About this exercise: Only the pictures are to be dropped, and the rest of the data should be copied exactly.

-------- Raw data

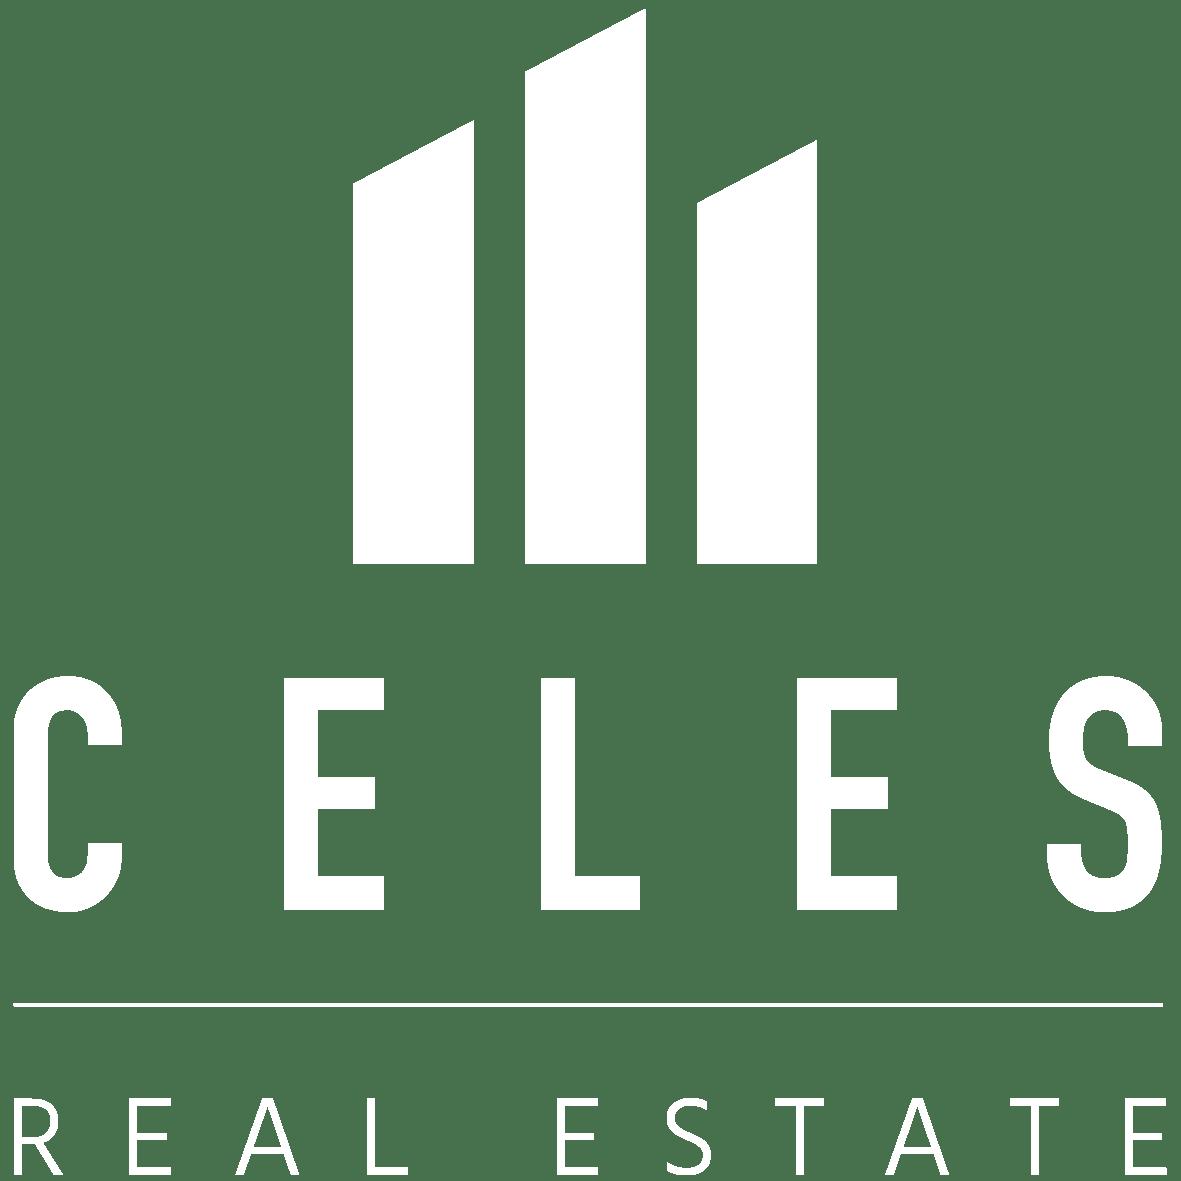 Celes | Real Estate
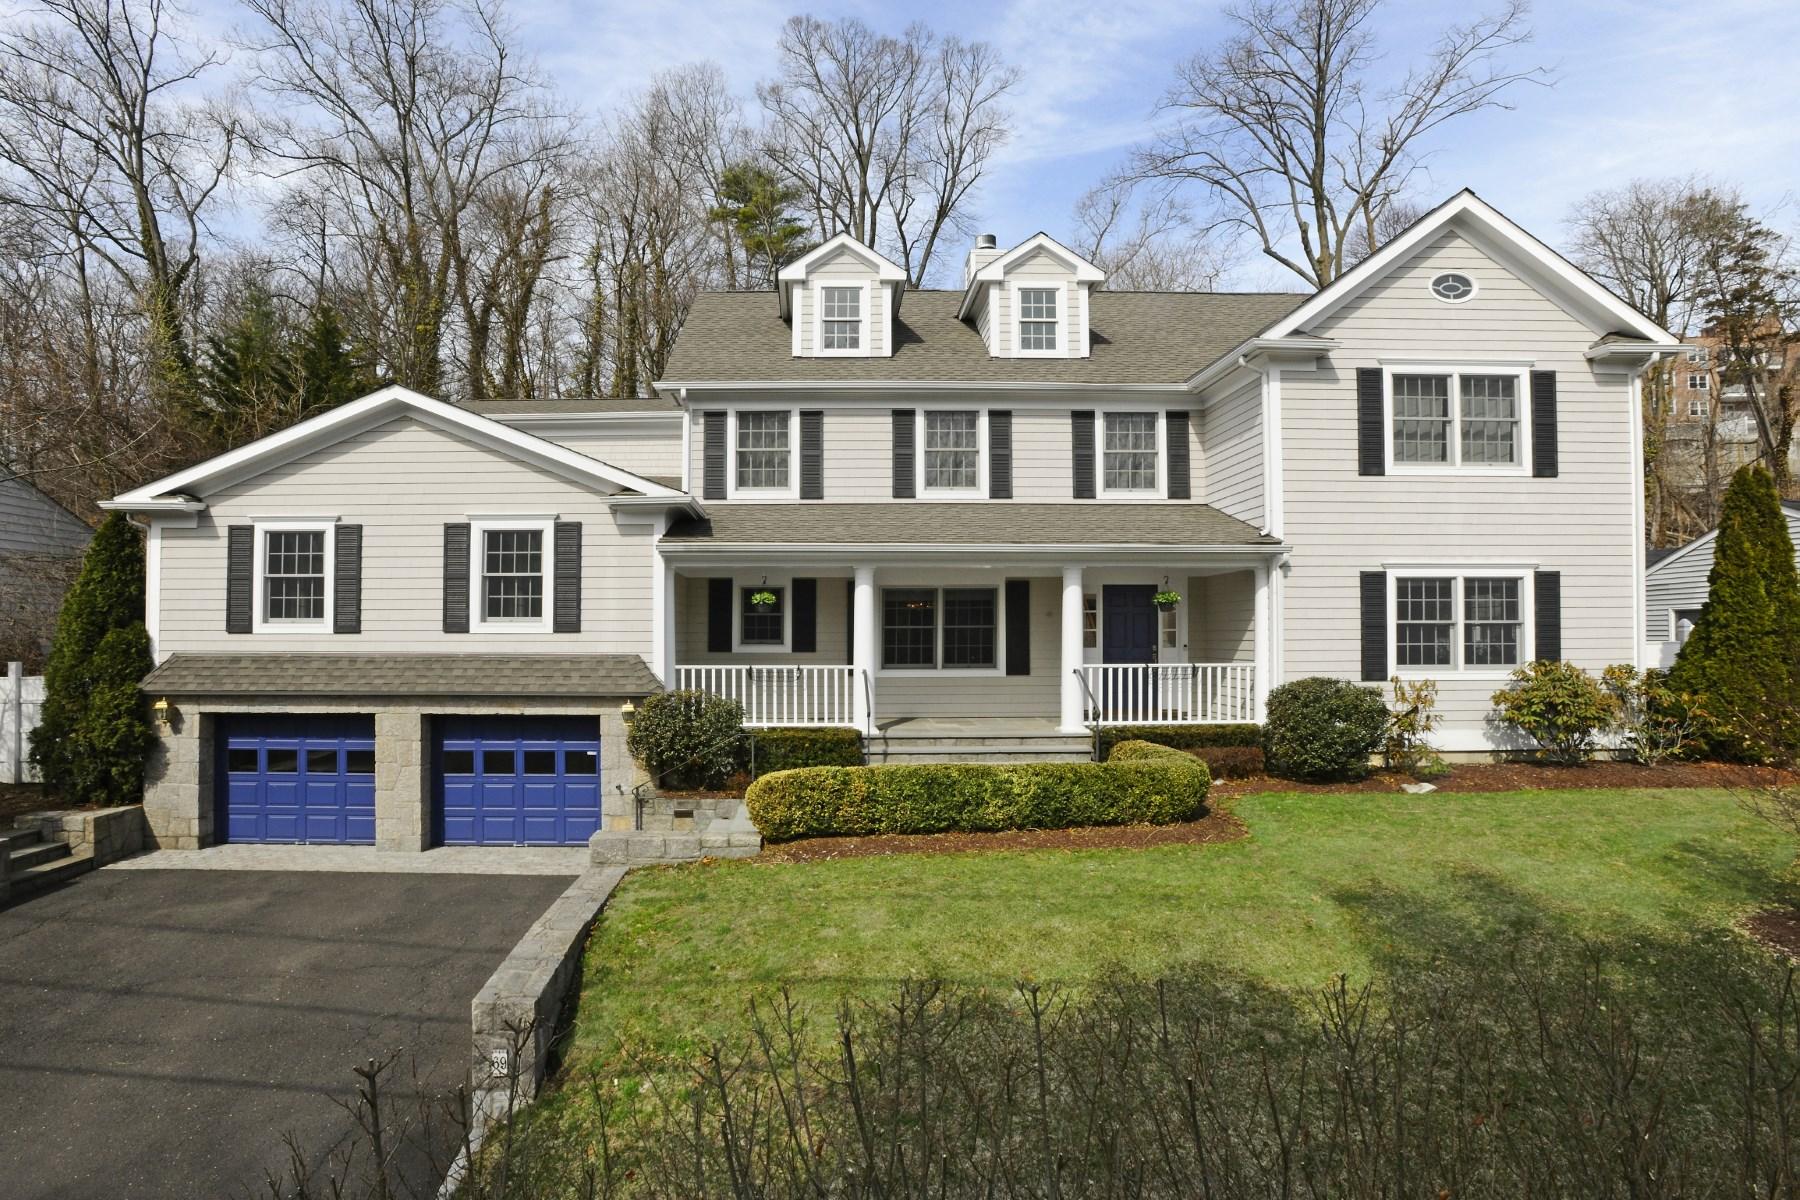 Casa para uma família para Venda às In-Town Living 69 Mallard Drive Central Greenwich, Greenwich, Connecticut 06830 Estados Unidos
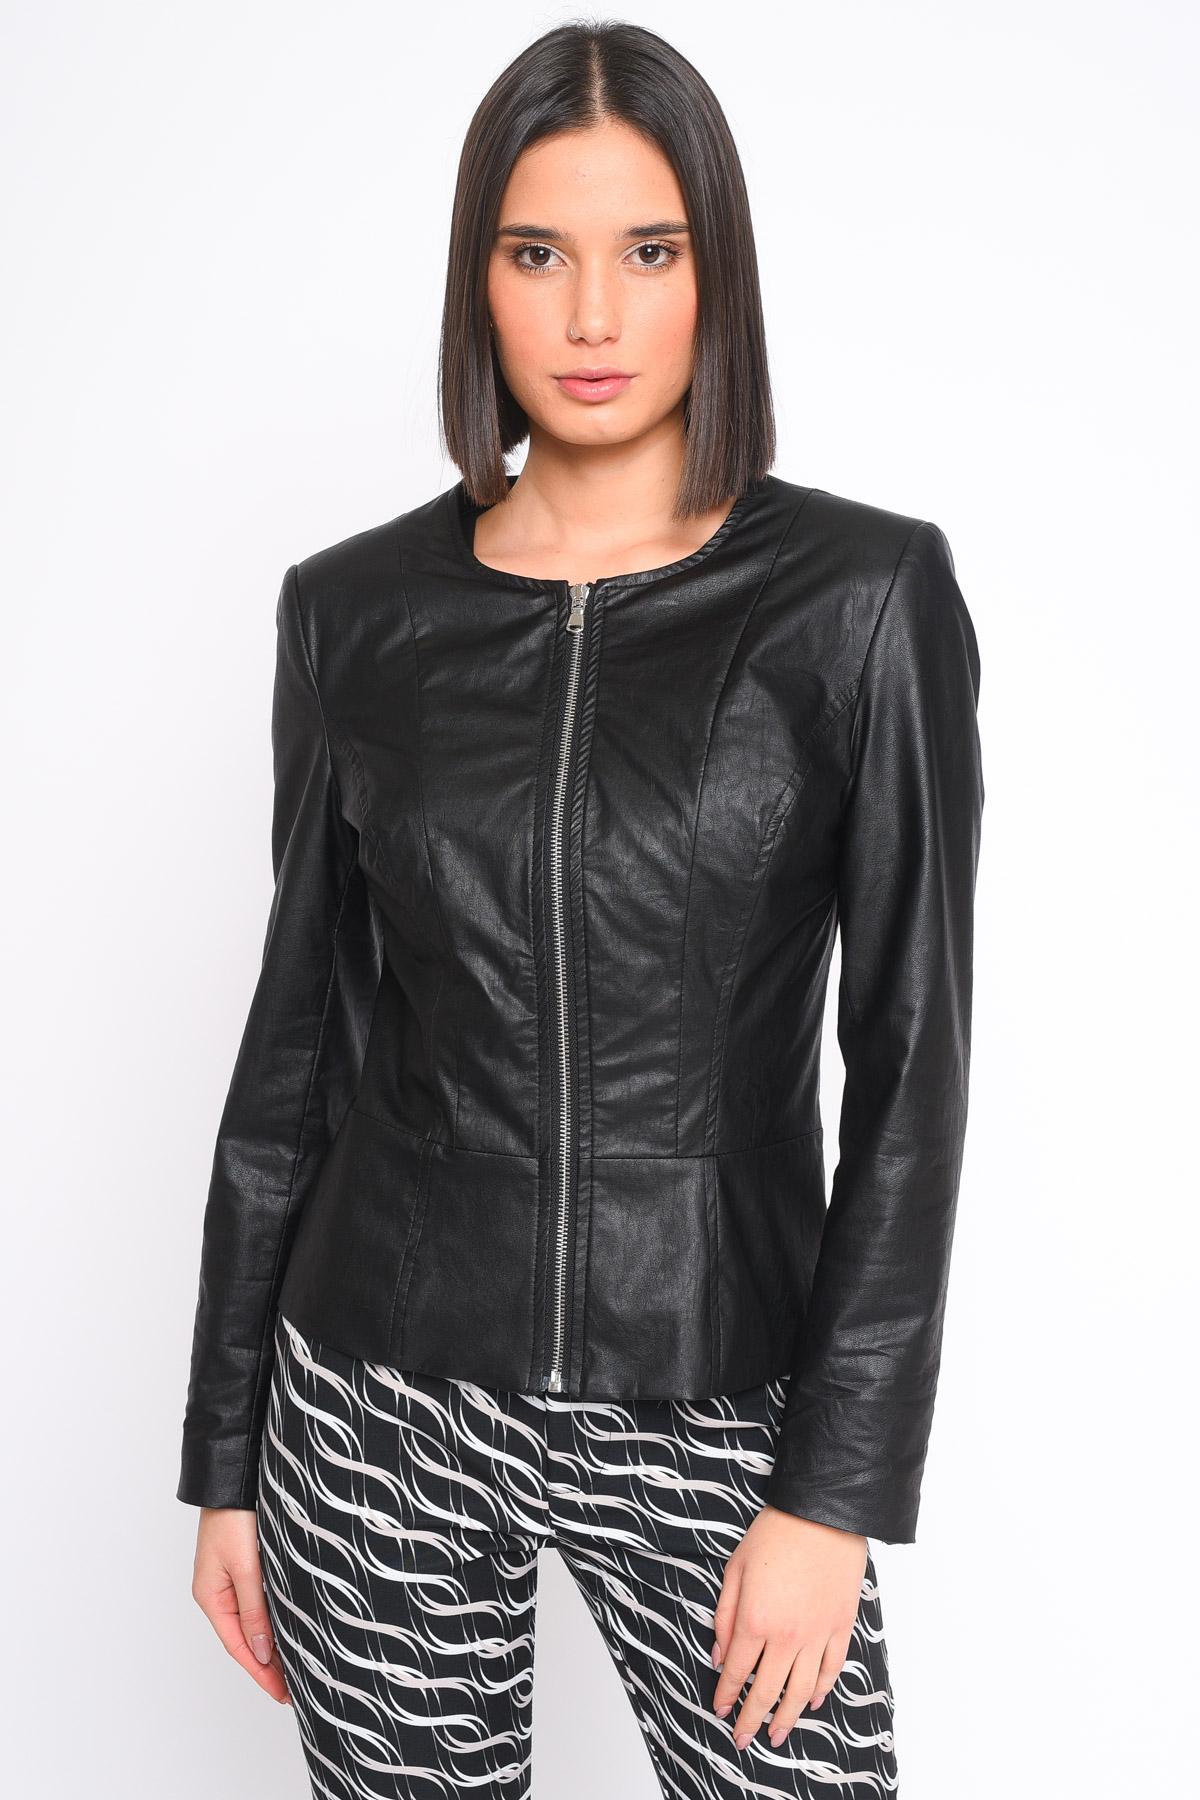 GIACCA IN ECOPELLE A COREANA for women -  - Paquito Pronto Moda Shop Online

----------------

Output of the task:
 Celes | Real Estate
 Casa para uma família para Venda às In-Town Living 69 Mallard Drive Central Greenwich, Greenwich, Connecticut 06830 Estados Unidos
 GIACCA IN ECOPELLE A COREANA for women -  - Paquito Pronto Moda Shop Online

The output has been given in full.